Your analogy is bad and you should feel bad

There is much to distinguish Rush Limbaugh and George Will.  But there is also much they have in common.  They both explain Obama's electoral success by the completely non-racist suggestion that Obama, completely undeserving of the job, has profitted from affirmative action.  What distinguishes Will from Limbaugh, however, is that Will is able to find an inappropriate analogy to make his point, Limbaugh, already famous for baselessly doubting the genuine accomplishments of African Americans everywhere, just says Obama has profited from Affirmative Action.  Another difference is that Will patronizingly suggests such feelings for Obama might speak well of Americans.

Anyway, after running through a summary of Obama's Presidency only Fox News could have written (see here for a rebuttal), Will concludes:

Obama’s administration is in shambles, yet he is prospering politically. This may not, however, entirely be evidence of the irrationality of the electorate. Something more benign may be at work.

A significant date in the nation’s civil rights progress involved an African American baseball player named Robinson, but not Jackie. The date was Oct. 3, 1974, when Frank Robinson, one the greatest players in history, was hired by the Cleveland Indians as the major leagues’ first black manager. But an even more important milestone of progress occurred June 19, 1977, when the Indians fired him. That was colorblind equality.

Managers get fired all the time. The fact that the Indians felt free to fire Robinson — who went on to have a distinguished career managing four other teams — showed that another racial barrier had fallen: Henceforth, African Americans, too, could enjoy the God-given right to be scapegoats for impatient team owners or incompetent team executives.

Perhaps a pleasant paradox defines this political season: That Obama is African American may be important, but in a way quite unlike that darkly suggested by, for example, MSNBC’s excitable boys and girls who, with their (at most) one-track minds and exquisitely sensitive olfactory receptors, sniff racism in any criticism of their pin-up. Instead, the nation, which is generally reluctant to declare a president a failure — thereby admitting that it made a mistake in choosing himseems especially reluctant to give up on the first African American president. If so, the 2012 election speaks well of the nation’s heart, if not its head.

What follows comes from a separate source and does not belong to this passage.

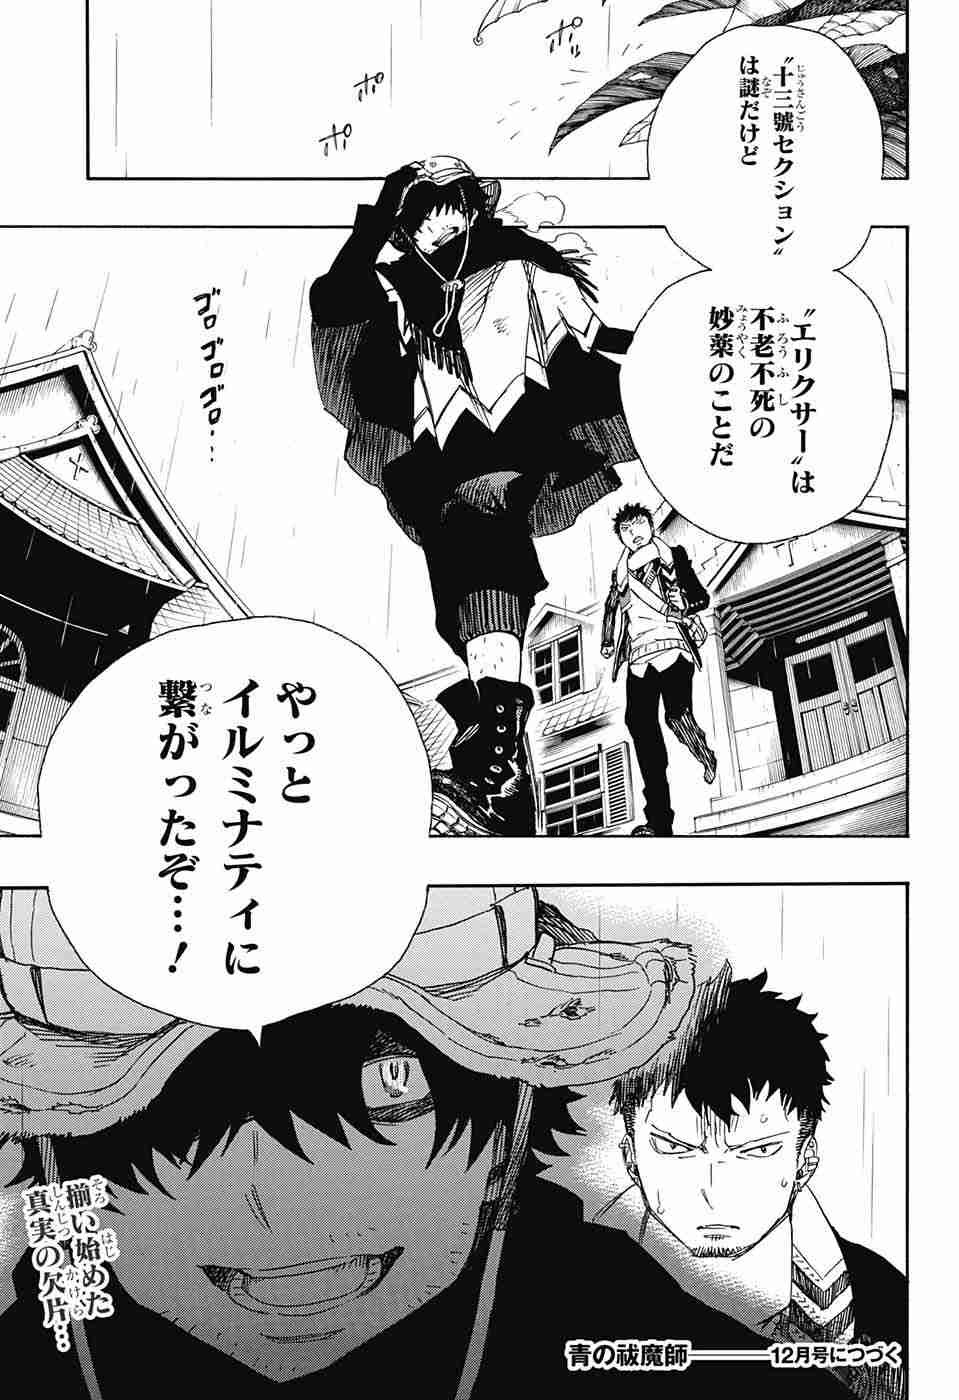 Ao no Exorcist - Chapter 83 - Page 35

I remember Sarah Palin as well, and George Bush, I also remember Mitt Romney's characterization of 47 percent of the electorate as lazy moochers.  Then there is the string of things Obama has done that people kind of like.  These might also be explanatory factors in the President's recent and past political success.  People also seem to be aware that he inherited the worst economic crisis since the Great Depression (or so they think anyway).  Wonder why, however, those guys at MSNBC would ever dare to suggest that calling someone an Affirmative Action President was somehow racist.  Why would they do that?  After all, he's just like that other black guy.

How you know it’s time for a new analogy

Godwin time.  Let it be said that the Hitler analogy is multi-purpose.  But it's not all purpose.  Ask billionaire Leon Cooperman.  Speaking of the abuse he has suffered at the hands of the Obama administration, he said:

You know, the largest and greatest country in the free world put a forty-seven-year-old guy that never worked a day in his life and made him in charge of the free world," Cooperman told Freeland. "Not totally different from taking Adolf Hitler in Germany and making him in charge of Germany because people were economically dissatisfied. Now, Obama's not Hitler. I don't even mean to say anything like that. But it is a question that the dissatisfaction of the populace was so great that they were willing to take a chance on an untested individual."

Cooperman doesn't mean to say anything like Obama is Hitler, he just happened to be the only analogy laying around.  This was the second time Cooperman used that analogy.  After the first, his wife called him a "schmuck".

via Gawker (see this link for more inappropriate analogies).

All of us is as dumb as none of us

The Philosophy Blog 3 Quarks Daily has an annual philosophy prize for blogging.  I'm going to outsource this post to one of this year's winners, the Philosopher's Beard.  Here's a taste of the winning post, "Democracy is Not a Truth Machine":

In a democracy people are free to express their opinions and question those of others. This is an important personal freedom, and also essential to the very idea of government by discussion. But it has also been held to be instrumentally important because in open public debate true ideas will conquer false ones by their merit, and the people will see the truth for themselves. In other words, democracy has an epistemic function as a kind of truth machine. From this it follows that in a democracy there should be no dogma: no knowledge protected from public challenge and debate. Yet this whole argument is founded on embarrassing misconceptions of the nature of truth and of the working of democracy.

Read the whole thing.  Worth thinking about is how this argument bears on the collaborative norms of argumentation; all of us is as dumb as none of us.